6. A crystal growth method based on thermal convection mass transfer, characterized in that... The crystal growth method based on thermal convection mass transfer is as follows: I. Turn on the water bath heating device outside the dissolution zone reactor (15), the high temperature zone reactor (14), and the water bath cooling device outside the growth zone reactor (13), and establish the temperature field and gradient under the conditions that the temperature in the high temperature zone reactor (14) is T H , the temperature in the dissolution zone reactor (15) is T D , and the temperature in the growth zone reactor (13) is T G . T H >T D >T G T D = T G + ΔT DG And ΔT DG The temperature range is 0.3~3.0 ℃; and T H = T D + ΔT HD And ΔT HD The temperature is 1.0 ~ 3.0 ℃; the temperature T inside the reaction vessel (15) in the dissolution zone is 1.0 ~ 3.0 ℃. D The temperature T inside the reactor (13) in the growth zone G The axial temperature gradient between them is 0.5 ~ 5 ℃ / m, the temperature field stabilization time is 12 h ~ 72 h and then maintained at that temperature; 2. Add crystal raw materials and growth medium to the dissolution zone reactor (15) so that the crystal raw materials form a saturated solution in the dissolution zone reactor (15) and there is solid raw material remaining in the dissolution zone reactor (15). Suspend the seed crystal (3) at the lower end of the seed crystal suspension device (2) in the growth zone reactor (13). Do not add crystal raw materials to the high temperature zone reactor (14). Grow for 28 to 35 days without mechanical stirring.

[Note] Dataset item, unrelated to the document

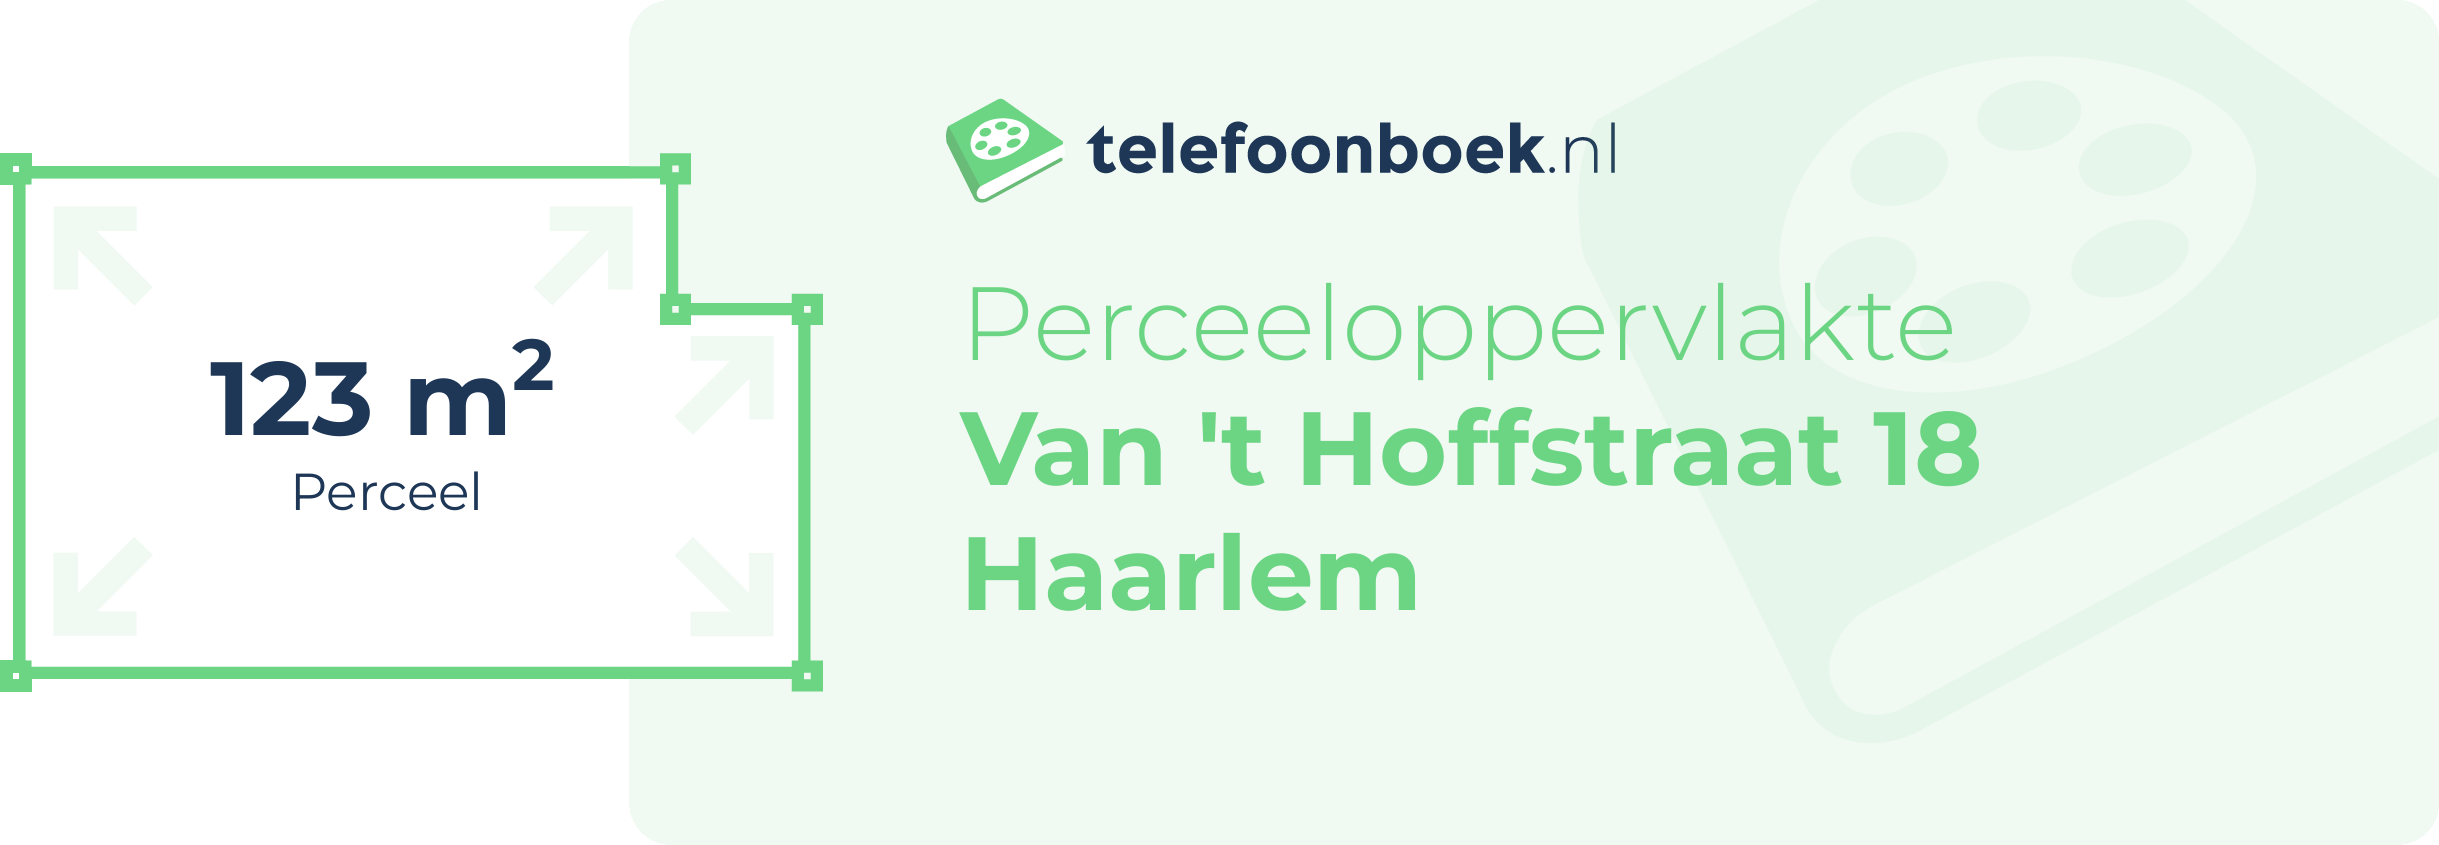 Perceeloppervlakte Van 't Hoffstraat 18 Haarlem

After the growth is completed, the temperature in the growth zone reactor (13) is controlled and the temperature drop range is 0.01 to 5 ℃ / h to obtain a single crystal.
7. The crystal growth method based on thermal convection mass transfer according to claim 6, characterized in that... The growth medium described in step one is water, heavy water, aqueous solution of haloacid, ionic liquid, or organic solvent.
8. The crystal growth method based on thermal convection mass transfer according to claim 6, characterized in that... The orientation of the seed crystal in step one is the specified crystal plane orientation of the material to be grown.
9. The crystal growth method based on thermal convection mass transfer according to claim 6, characterized in that... The crystal raw materials include halides, oxides, sulfides, selenides, or their doping systems.
10. The application of the crystal based on thermal convection mass transfer as described in claim 6, characterized in that... The crystal based on thermal convection mass transfer is used for nonlinear optics or scintillation detection.